Oats Idli (MTR) (1 Serving)
Breakfast
151 mg/dL
avg. peak value
Usually causes a large spike
Avg. Food Score on Ultrahuman App
Ultrahuman Users got an UNSTABLE response
How to consume Oats Idli without glucose spikes
Portion Control
Limit the quantity of oats idli you consume in one sitting to help manage your blood sugar levels.
Add Protein
Incorporate protein-rich foods like cottage cheese, lentils, or Greek yogurt with your meal to slow down the absorption of carbohydrates.
Include Healthy Fats
Add nuts like almonds or walnuts to your meal.

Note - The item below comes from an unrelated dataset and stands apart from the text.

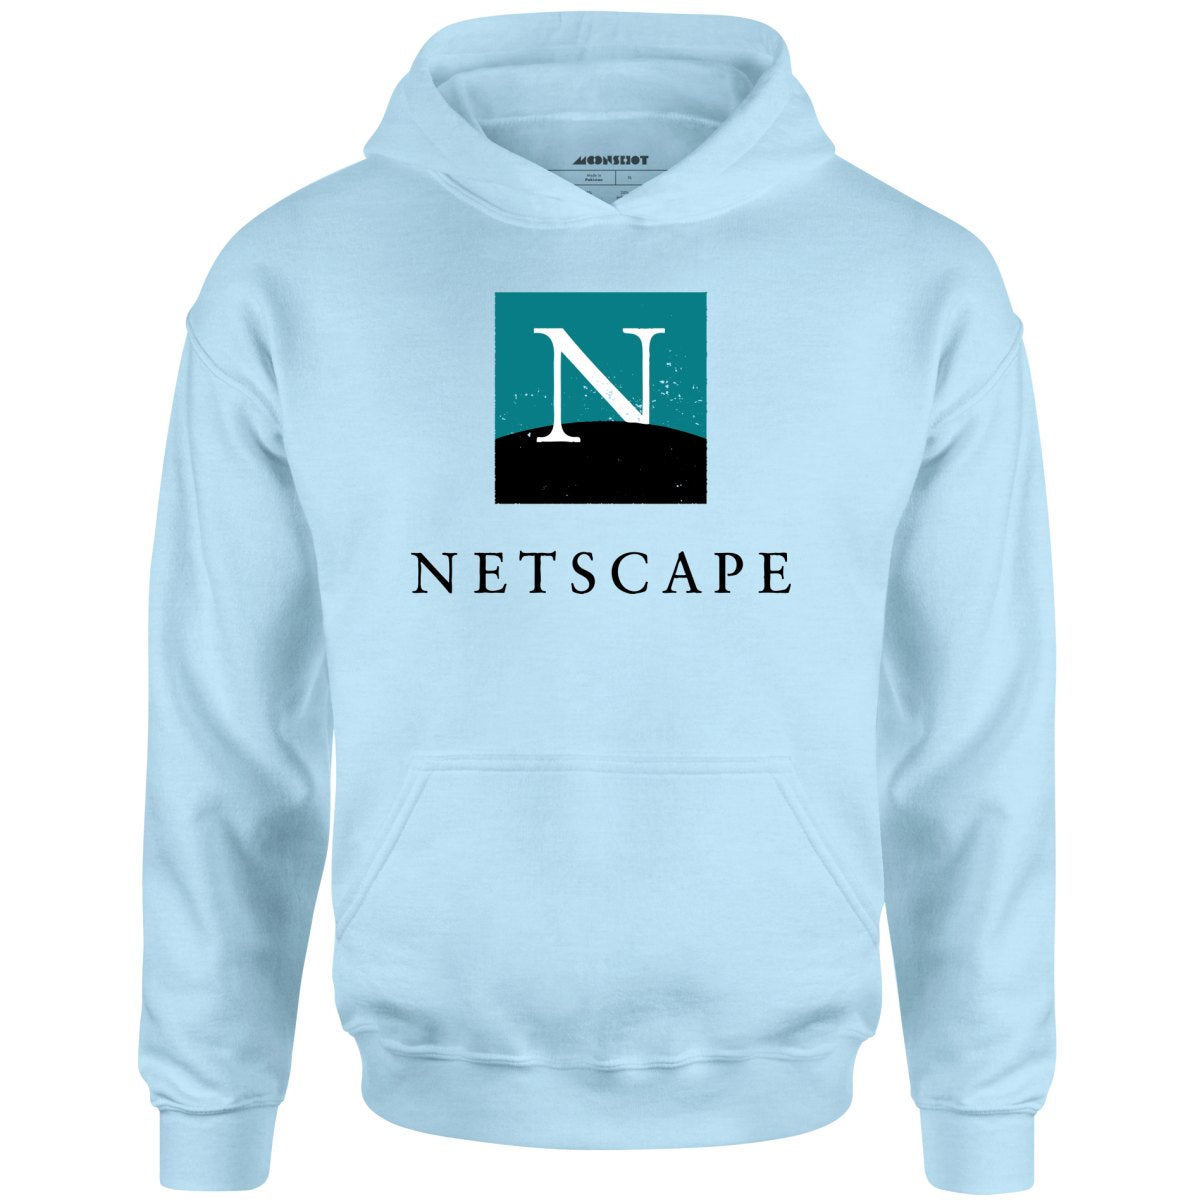 Netscape - Vintage Internet - Unisex Hoodie

They can help moderate glucose spikes by slowing digestion.
Incorporate Fiber
Add more vegetables to your meal, such as spinach or grated carrots, which can help slow the release of glucose into the bloodstream.
Opt for Whole Grains
If possible, mix oats with other whole grains such as quinoa or barley when making idli.
Stay Hydrated
Drink plenty of water throughout the day, as it can help with overall digestion and glucose management.
Exercise Regularly
Engage in activities like walking, cycling, or yoga after meals to help your body use glucose more effectively.
Monitor Meal Timing
Try to maintain consistent meal times to help your body anticipate and manage blood sugar levels better.
Use Spices
Incorporate cinnamon or fenugreek into your meal preparation, as they are known to help with glucose control.
Chew Slowly
Eat slowly and chew thoroughly to give your body more time to process the carbohydrates in your meal.